Their tactics included the direct manipulations of the elections process, the inexplicably favorable decisions by the Mubarak-era Presidential Elections Commission, the use of state media as well as private media outlets controlled by Mubarak-era corrupt businessmen to frighten the public about the specter of an impending theocracy, the clever ability to play the pro-revolution groups against each other, and the SCAF-appointed government’s deliberate disruption of the daily lives of ordinary Egyptians through the constriction of key staples and a lack of security in the street. Soon the public associated the revolution with instability, shortages and chaos. Dejected, many wished for the days of the old regime.
Throughout last year and aided by the Muslim Brotherhood’s missteps and behind-the-scenes dalliances with the generals, SCAF was able to create acute alienation and sow real mistrust between the MB, the country’s largest organized movement, and the rest of the pro-revolution and youth groups. By the end of March 2012, SCAF felt so emboldened by the success of its plan that it began to openly challenge and threaten the now alienated MB, despite the fact that the group was by that time firmly in charge of both chambers of parliament.

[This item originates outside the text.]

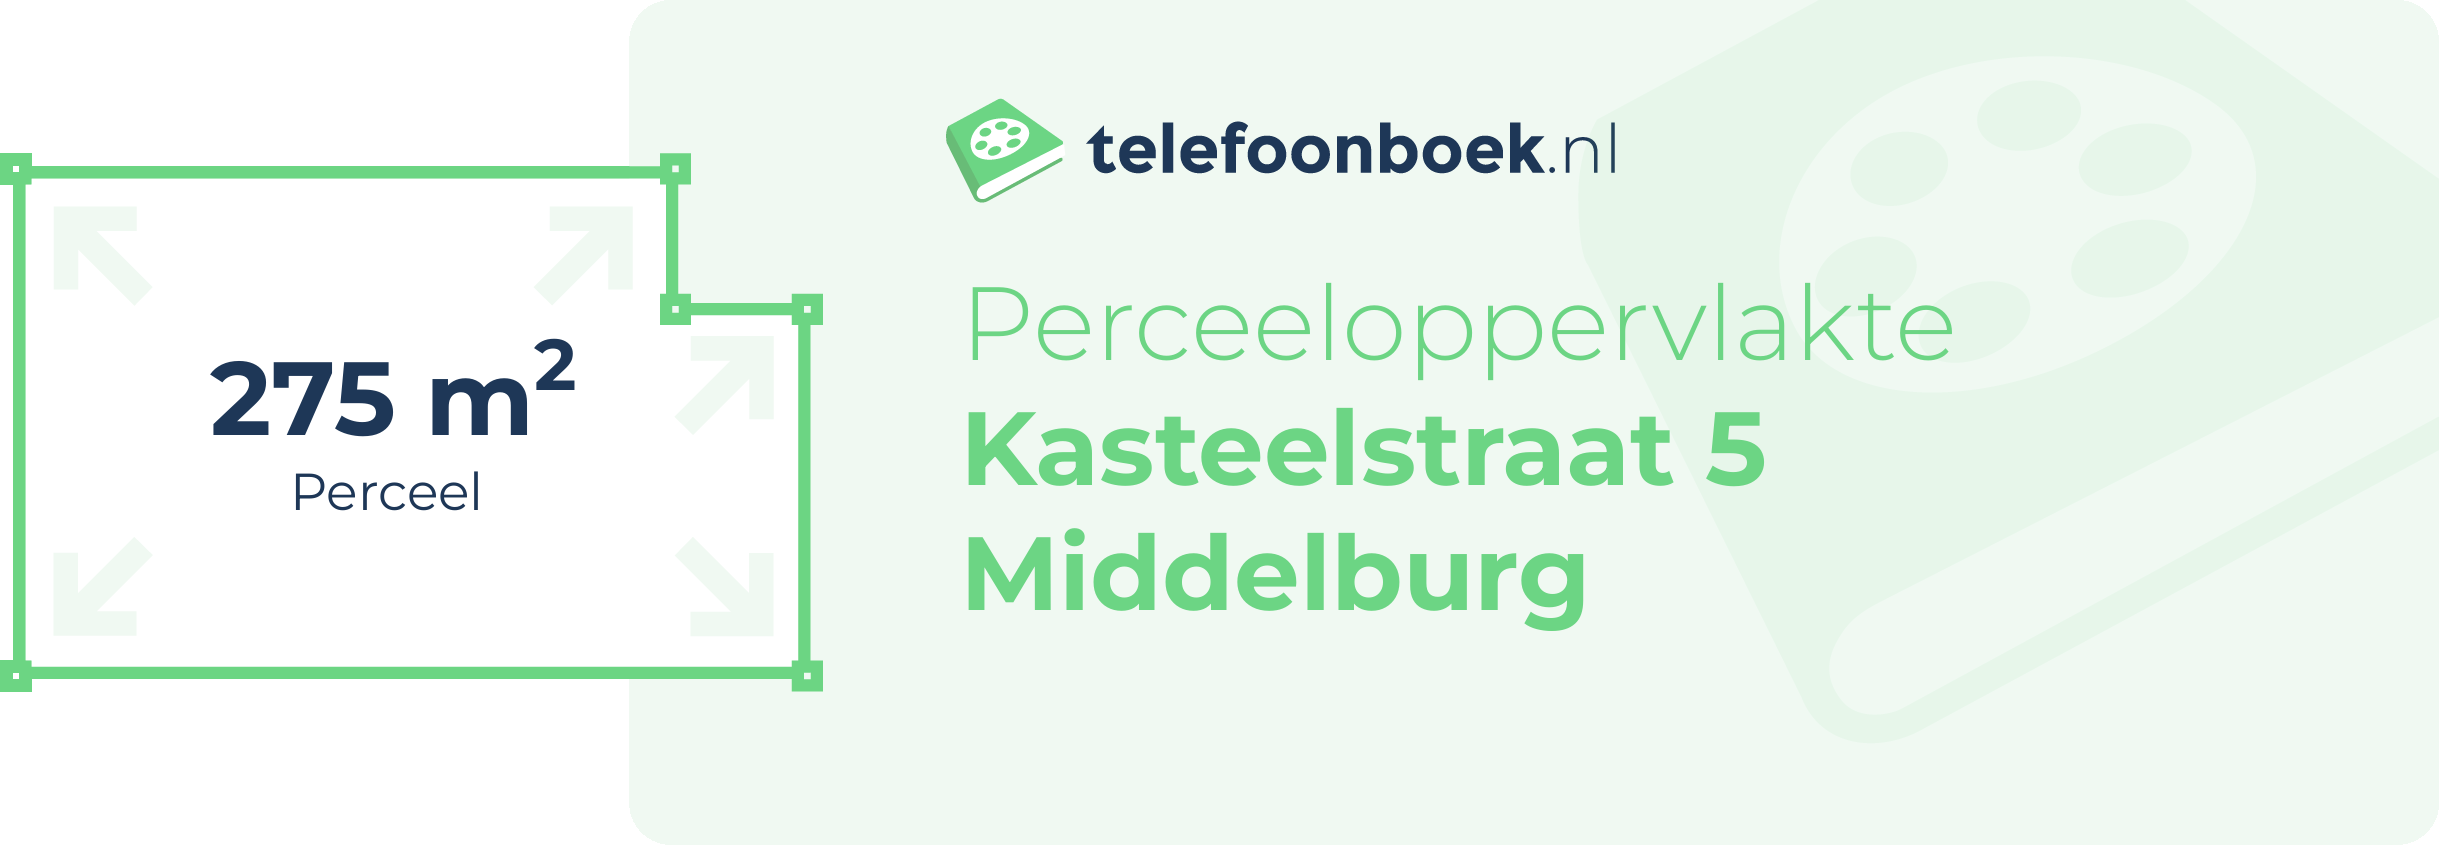 Perceeloppervlakte Kasteelstraat 5 Middelburg

By the end of the first round of the presidential elections, SCAF succeeded in propelling its preferred candidate to second place behind the MB candidate. Ironically, both sides calculated that their chances of capturing the presidency would be greatly enhanced if they faced each other. The military’s candidate believed that he would then reinvent the old regime by presenting to the confused and frightened public with the stark choices between the civil state represented by himself and a menacing religious state epitomized by his opponent. On the other hand, the MB believed that its best chance would be to face a candidate from the loathed Mubarak era so as to force the pro-revolution groups to support its candidate despite the ill feelings generated towards the Islamic group (especially when it abandoned the youth groups during their confrontations with SCAF during much of last year).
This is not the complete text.